2. Budget Considerations

  • Budget Pricing vs. Quoted Pricing: Distinguish between estimated budget costs and actual price quotes to ensure accurate comparisons. Be aware of vendors’ recommended contingency funds for unexpected expenses.
  • Essential vs. Nice-to-Have Features: Clearly define which features are necessary for your operations and which are optional. Use detailed specifications to prioritize essential features and eliminate unnecessary ones, potentially requesting revised quotes from vendors.

3. Initial Investment Factors

  • Integration: Assess how well the palletizing system will align with your factory layout, processes, and existing systems. Ask vendors about compatibility, required modifications, and examples of successful integrations.
  • Customization: Determine if the system meets your essential requirements out-of-the-box or if additional customization is needed, both initially and over time to maintain functionality.
  • Vendor Lock-In: Consider the long-term implications of relying on a specific vendor, including how it might affect scalability, flexibility, and future costs.
  • Scalability: Evaluate whether the system can grow with your needs, the costs associated with upgrades, and if it allows for incremental investments as requirements evolve.

4. Operating Costs Details

  • Energy Costs: Vary based on system efficiency, usage duration, and local electricity rates.
  • Maintenance and Repairs: Regular upkeep is essential.
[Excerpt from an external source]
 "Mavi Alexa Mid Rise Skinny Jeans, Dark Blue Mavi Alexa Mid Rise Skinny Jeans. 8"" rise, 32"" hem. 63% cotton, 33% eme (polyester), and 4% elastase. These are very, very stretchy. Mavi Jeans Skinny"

Understand who will perform maintenance, the terms of service contracts, and the availability of spare parts.
  • Training Costs: Factor in the expenses for training employees to operate and maintain the system effectively.
  • Programming and Software Updates: Account for software licensing fees, subscription costs, and whether updates or programming changes require external support.

5. Practical Tips for Evaluation

  • Vendor Questions: Prepare specific questions about integration capabilities, customization options, scalability, and support services to ensure the system meets your needs.
  • Cost Tracking: Keep a detailed record of all potential expenses to achieve a more accurate estimate of both initial and ongoing costs.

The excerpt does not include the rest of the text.